Instructions for the task: Within the material below, transcribe exactly the lines from the one holding "International Tourism Plastic" through the one holding "Comfort Colors 6014/C6014", keeping both ends and skipping the rest.

Stored data:
————

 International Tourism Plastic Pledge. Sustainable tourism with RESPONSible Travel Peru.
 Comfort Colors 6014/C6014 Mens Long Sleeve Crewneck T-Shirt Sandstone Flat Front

————

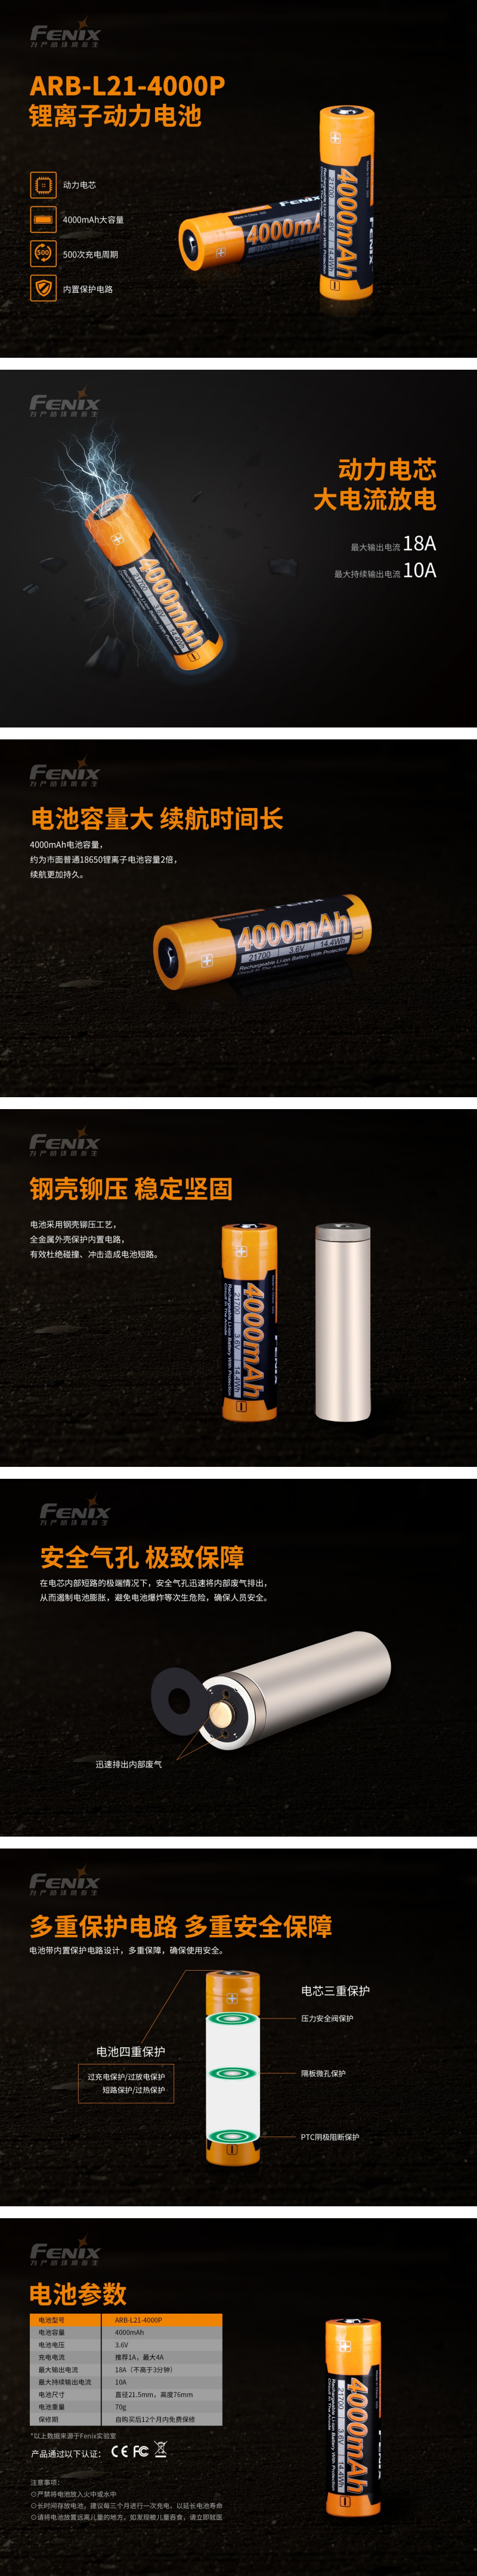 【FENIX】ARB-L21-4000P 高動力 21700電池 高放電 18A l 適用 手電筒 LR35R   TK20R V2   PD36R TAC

————

Answer for this exercise:
 International Tourism Plastic Pledge. Sustainable tourism with RESPONSible Travel Peru.
 Comfort Colors 6014/C6014 Mens Long Sleeve Crewneck T-Shirt Sandstone Flat Front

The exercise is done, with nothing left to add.